Walk into a classroom with bare ceilings, glass walls and a hard floor, and you’ll hear it straight away. Sound bounces, voices blur, and the teacher ends up shouting over the echo. Acoustics are one of the most overlooked parts of school design, even though they shape how well children actually take in what they’re being taught.
What the Research Says About Noise and Learning
The evidence on this is consistent and well documented. A review published in Building Acoustics found that long reverberation times in classrooms drag down reading comprehension, cut attention spans and make it harder for children to follow spoken instructions. A room that sounds lively to an adult can be exhausting for a six-year-old trying to learn phonics.
The effect isn’t spread evenly either. Children with English as an additional language and those with any degree of hearing loss are hit hardest, because they rely more on catching every word. When the speech signal is muddied by echo, they lose information that other pupils can fill in from context.
This is why the UK’s BB93 standard sets reverberation targets at the levels it does. The aim is to keep the gap between the teacher’s voice and the background noise wide enough that pupils can hear speech clearly. A general teaching space in a new-build school has a target reverberation time of around 0.6 seconds, measured unoccupied across the mid frequencies. Stricter spaces, like SEN and calming rooms, are held to roughly 0.4 seconds, because the pupils using them rely even more on clear speech.
Why Acoustics Belong in the Design Intent
The cheapest time to fix acoustics is before anything is built. Once a school is handed over with exposed concrete soffits and a polished screed floor, retrofitting absorption becomes messy and expensive. Designing it in from the start means the treatment can do its job without fighting the architecture.

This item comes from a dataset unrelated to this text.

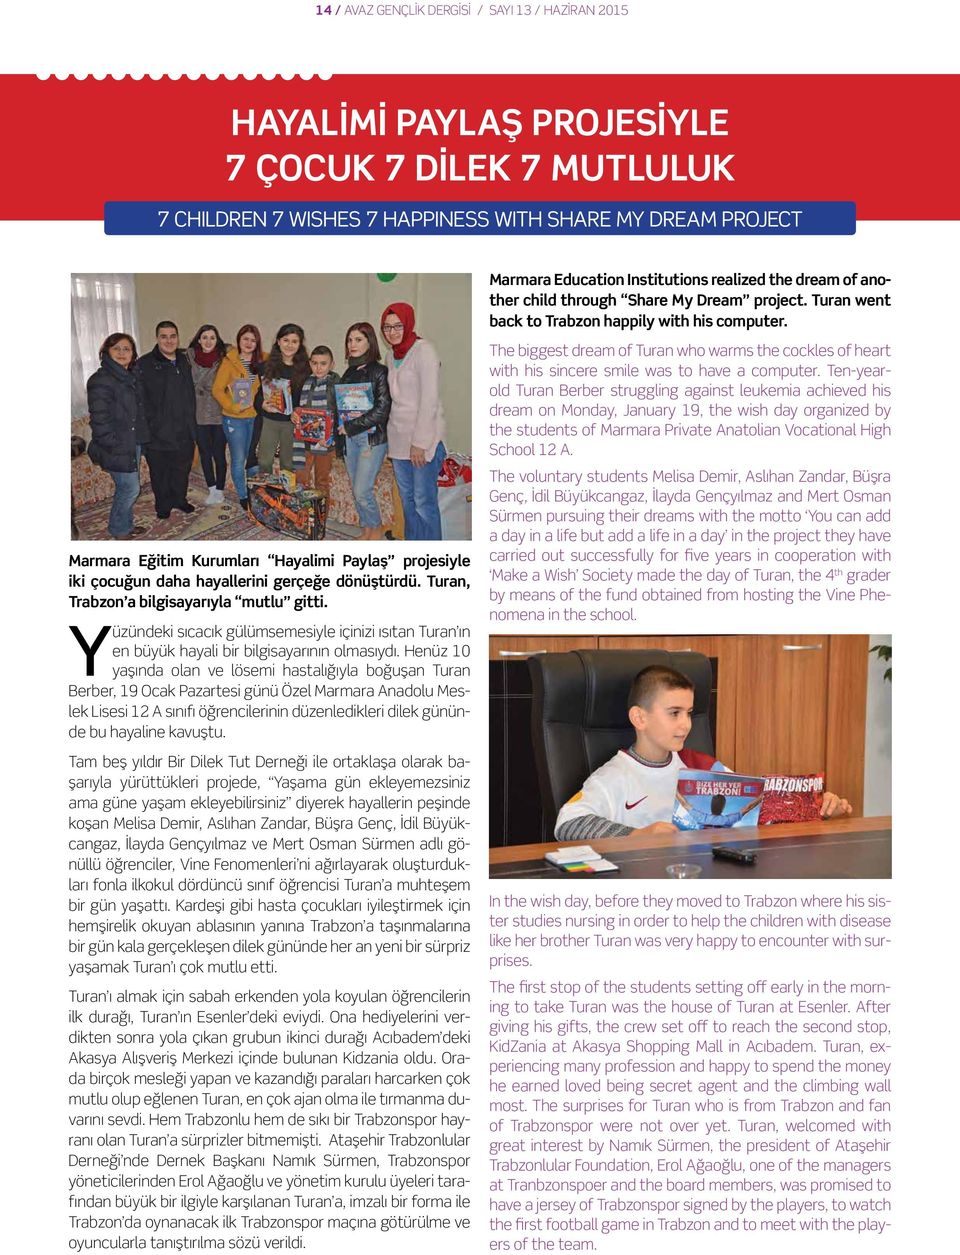 Marmara Eğitim Kurumları Hayalimi Paylaş projesiyle iki çocuğun daha hayallerini gerçeğe dönüştürdü. Turan, Trabzon a bilgisayarıyla mutlu gitti.

Getting there means treating it as a specification problem rather than a finishing touch. More schools are now actively seeking school acoustic solutions that can be matched to BB93 targets from the design stage, not bolted on after handover. Ceiling absorbers, wall panels and baffles all carry tested absorption ratings, and matching those ratings to the room’s volume is what gets you a compliant result.
Specifying acoustics early also gives you room to be deliberate about placement. You’re not just hiding panels where they’ll fit. You’re putting absorption where the sound energy actually builds up.
Treating Sound Without Losing the Look
Plenty of architects worry that acoustic treatment means a ceiling full of grey foam. It doesn’t have to. Modern absorbers come in printed panels, timber-look slats, freestanding baffles and ceiling rafts that suit exposed services and clean contemporary interiors alike. A few things are worth keeping in mind when you balance performance with the finish you want:
- Match absorption to room volume, not just floor area, since tall rooms hold more sound energy.
- Use the ceiling first, as it’s usually the largest uninterrupted surface and the most efficient place to absorb sound.
- Spread treatment around, instead of clustering it in one corner, so reverberation drops evenly across the space.
- Check fire ratings and durability early, because school panels take daily knocks and have to meet safety standards.
Working with exposed soffits and timber finishes is perfectly doable. Suspended rafts and slatted panels let you keep the raw aesthetic while still hitting the absorption figures the room needs.
Good Acoustics Give Every Pupil a Fair Shot
Good acoustics quietly support everything else a school is trying to do. Children hear instructions clearly, teachers don’t strain their voices, and pupils who need that bit of extra clarity get a fair shot at keeping up. When you treat reverberation as part of the design from day one and specify against real performance figures, you end up with a room that works as well as it looks.